=== Problem to work on ===
From the first line to the last, restate the data exactly, leaving out the images.

=== Data section ===

+++++

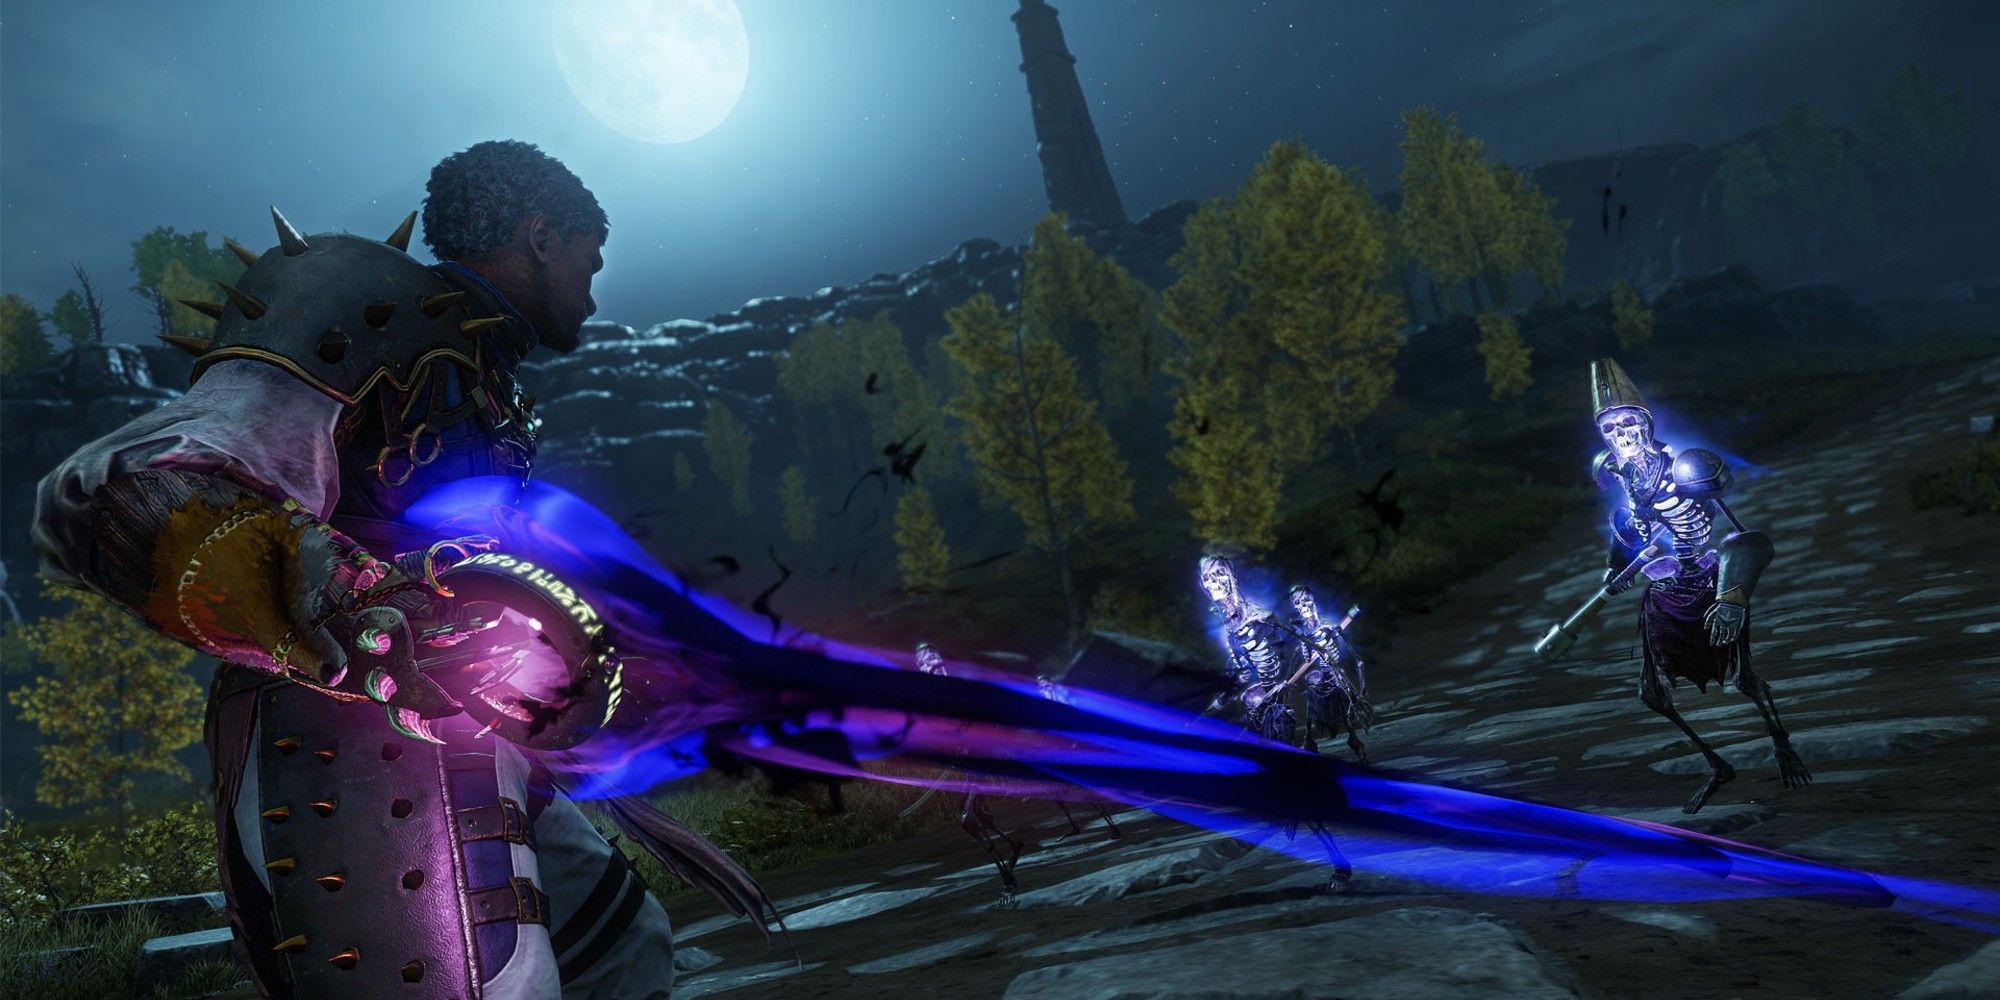 A player fights skeletons using the Void Gauntlet in New World
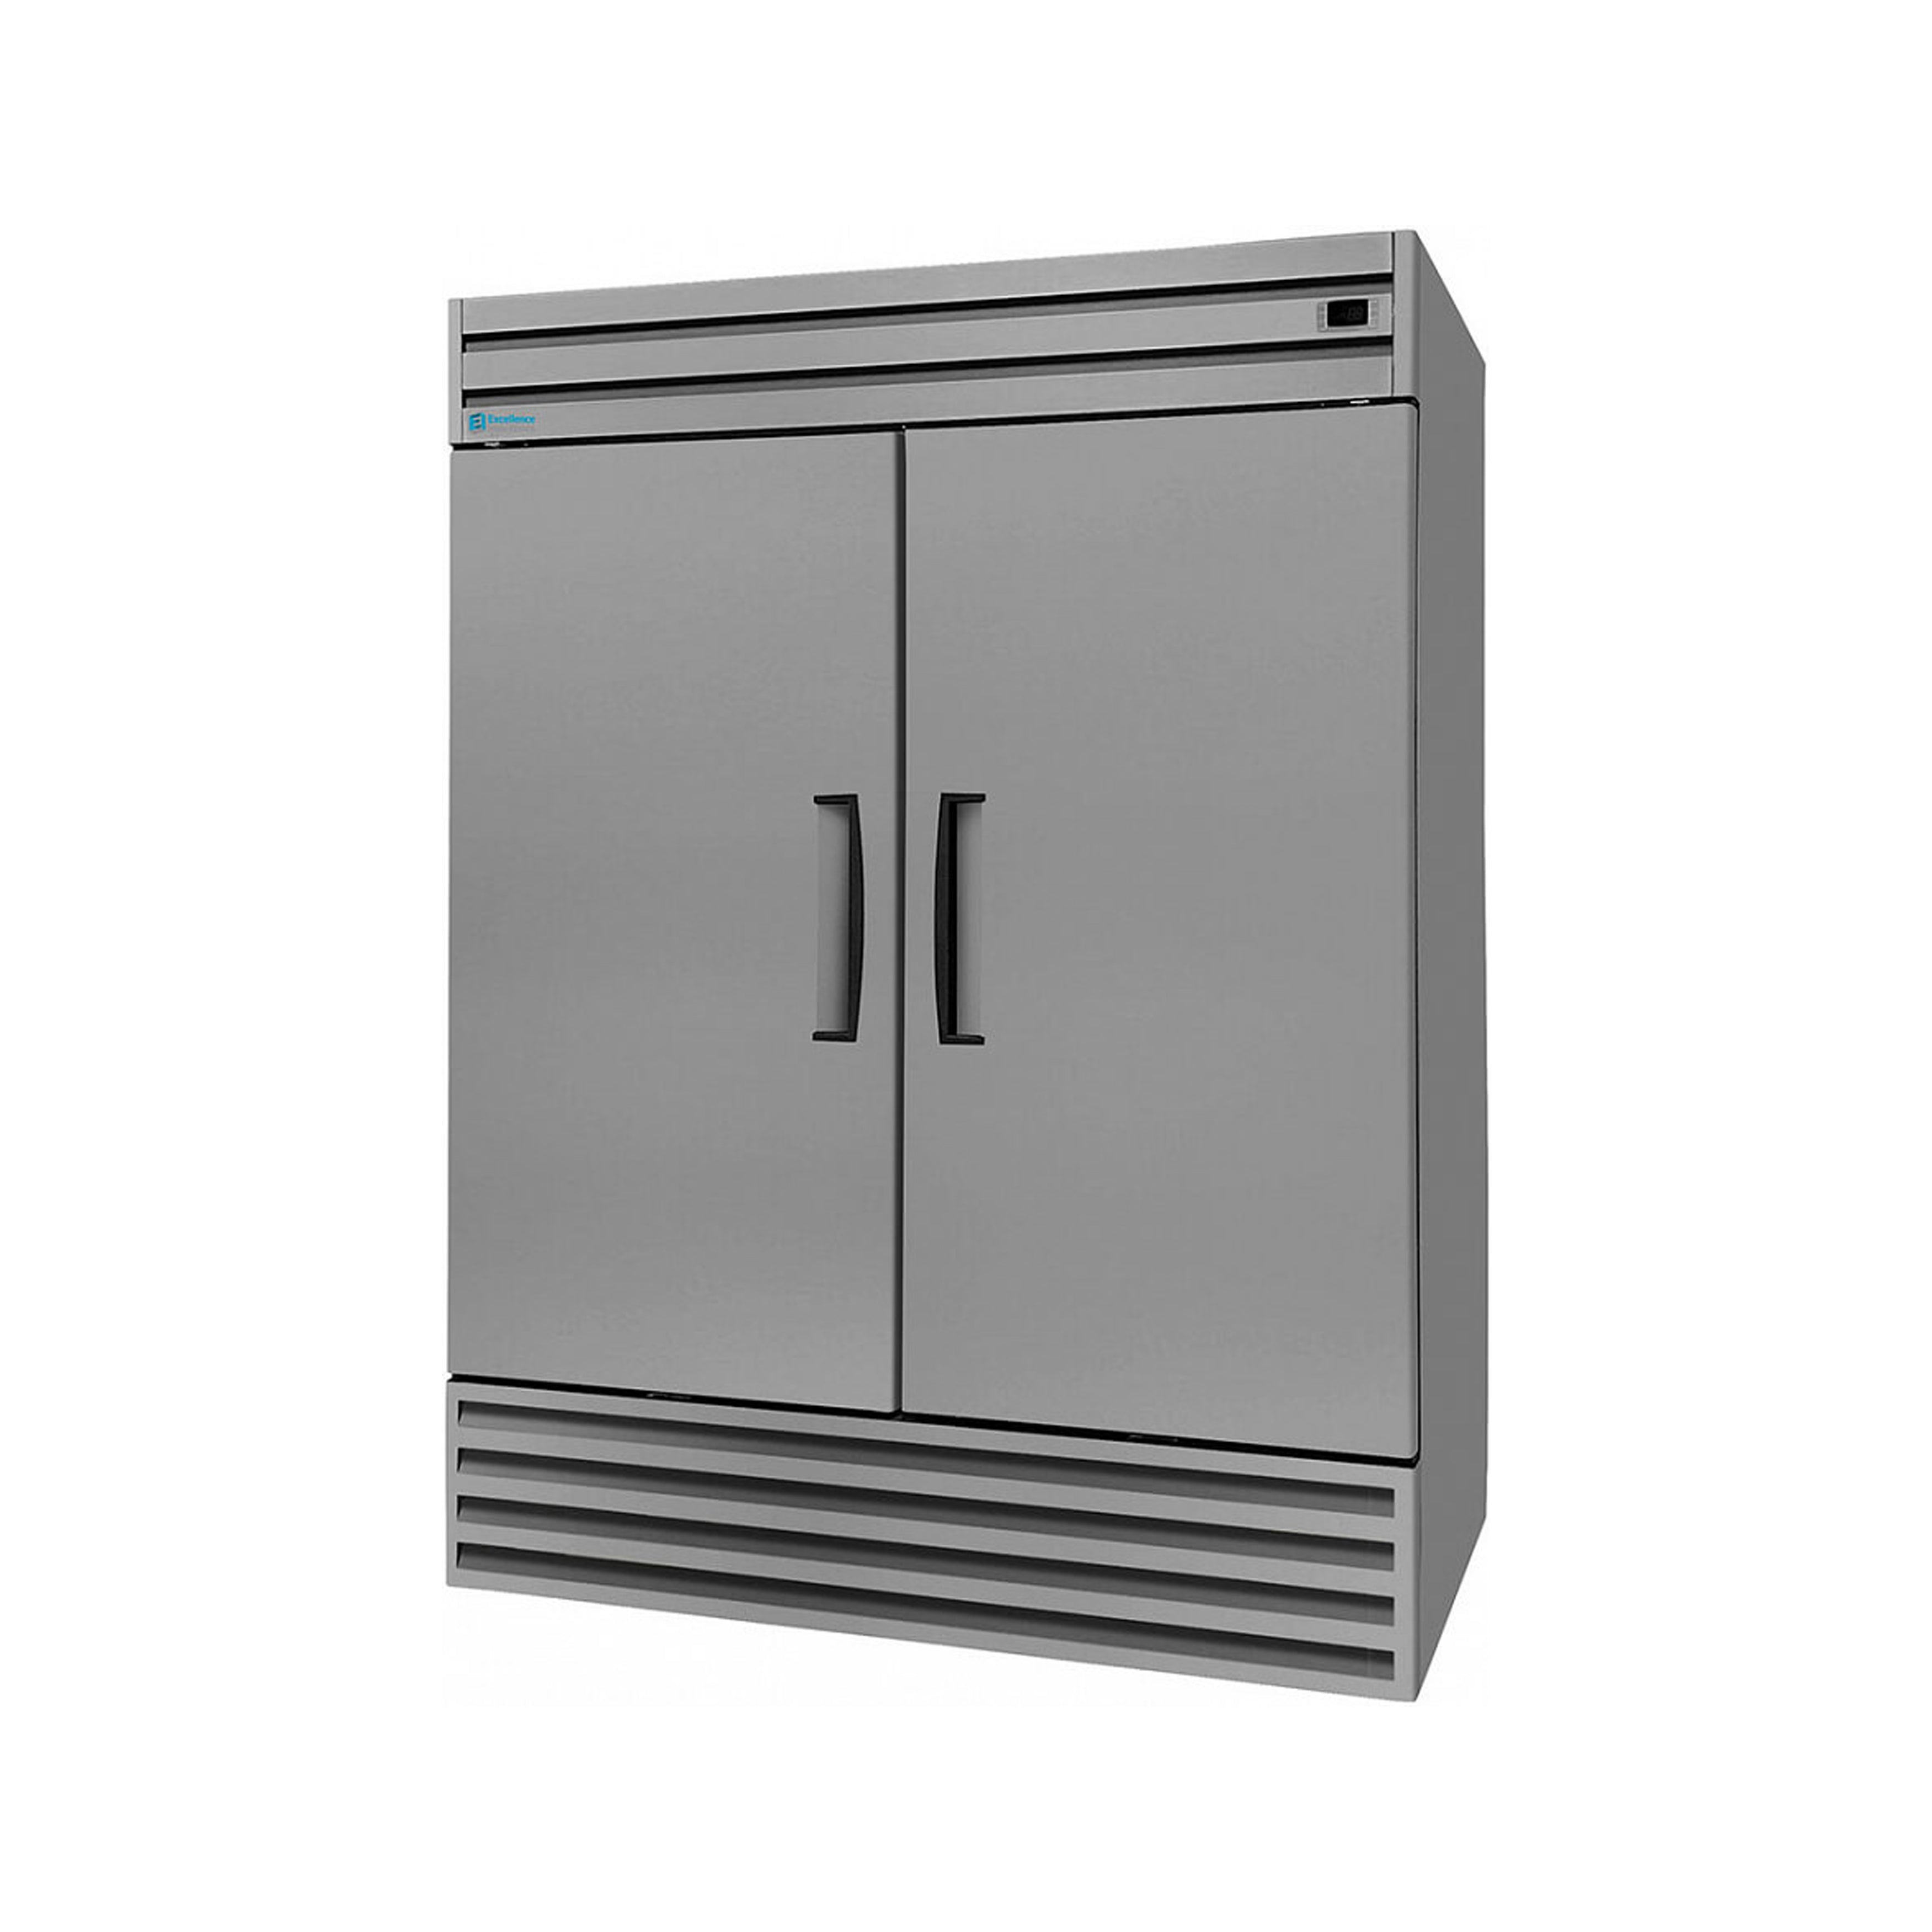 Excellence Industries - CR-43SSHC, 54" Commercial Reach-In 2 Solid Door Refrigerator 43 cu.ft.
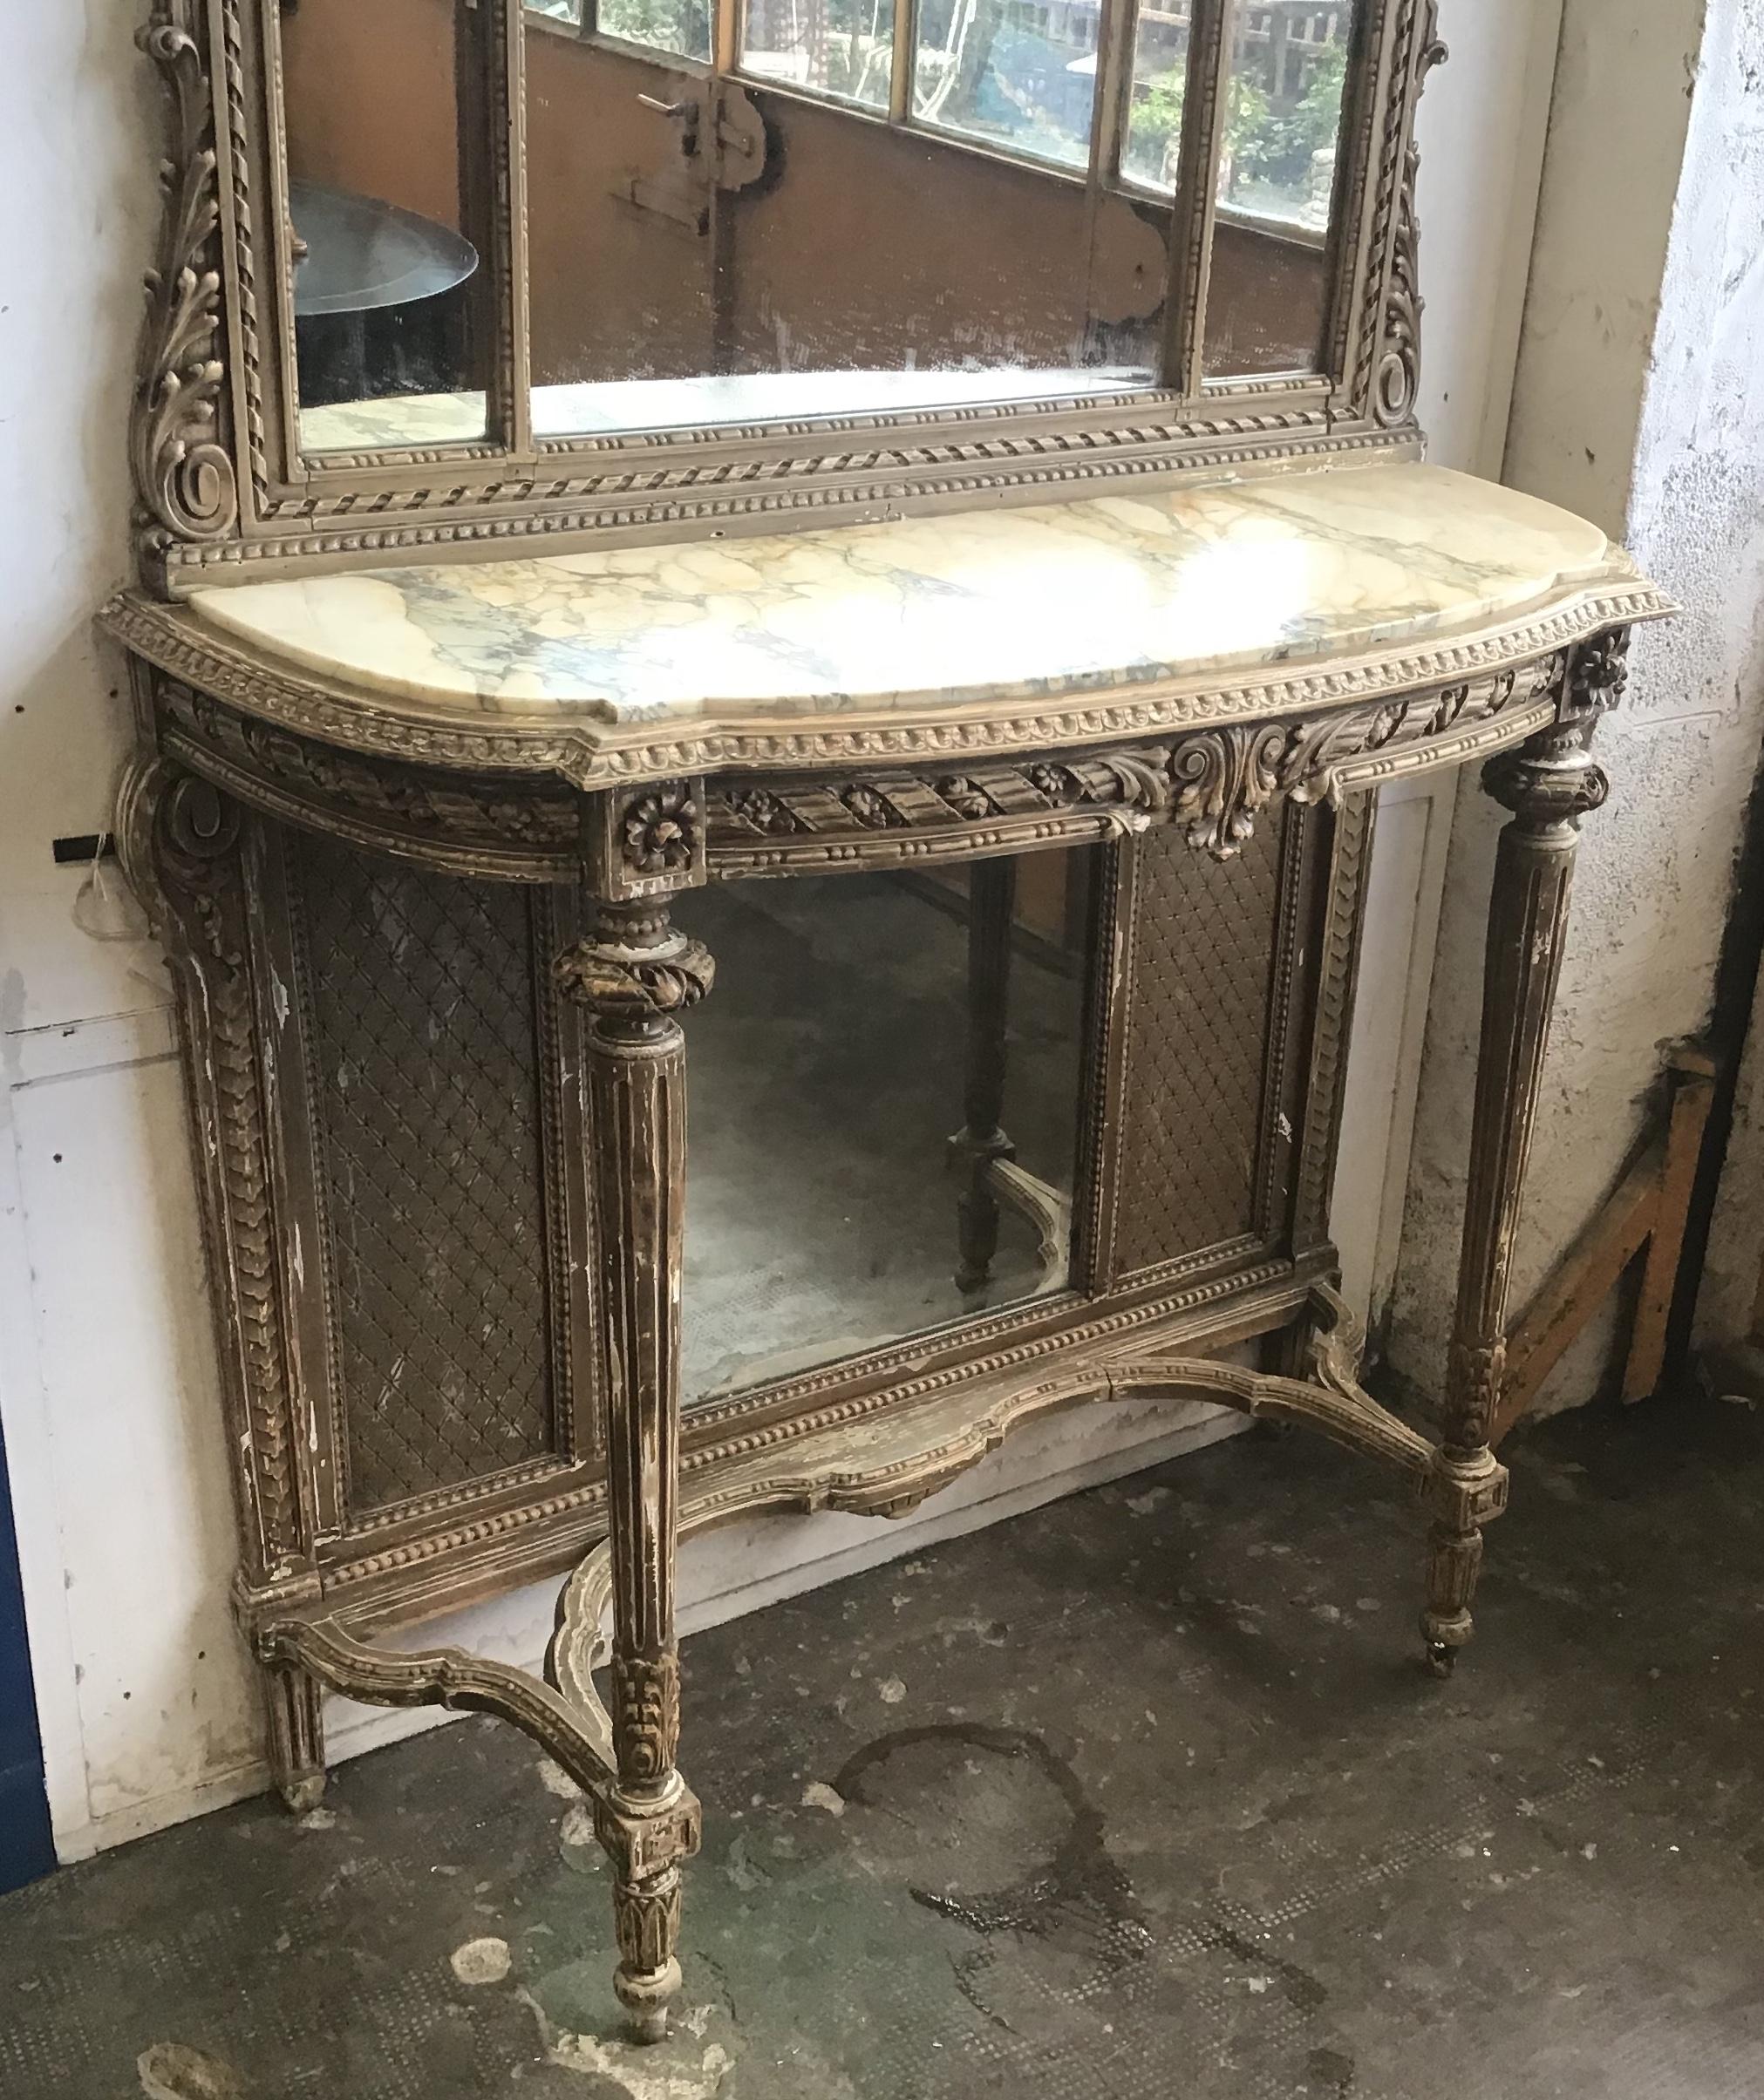 19th Century French Marble-Top Console with Giltwood Framed Mirror from 1890s im Zustand „Gut“ in Florence, IT

+++++

=== Response to this task ===
 A player fights skeletons using the Void Gauntlet in New World
 Excellence Industries - CR-43SSHC, 54" Commercial Reach-In 2 Solid Door Refrigerator 43 cu.ft.
 19th Century French Marble-Top Console with Giltwood Framed Mirror from 1890s im Zustand „Gut“ in Florence, IT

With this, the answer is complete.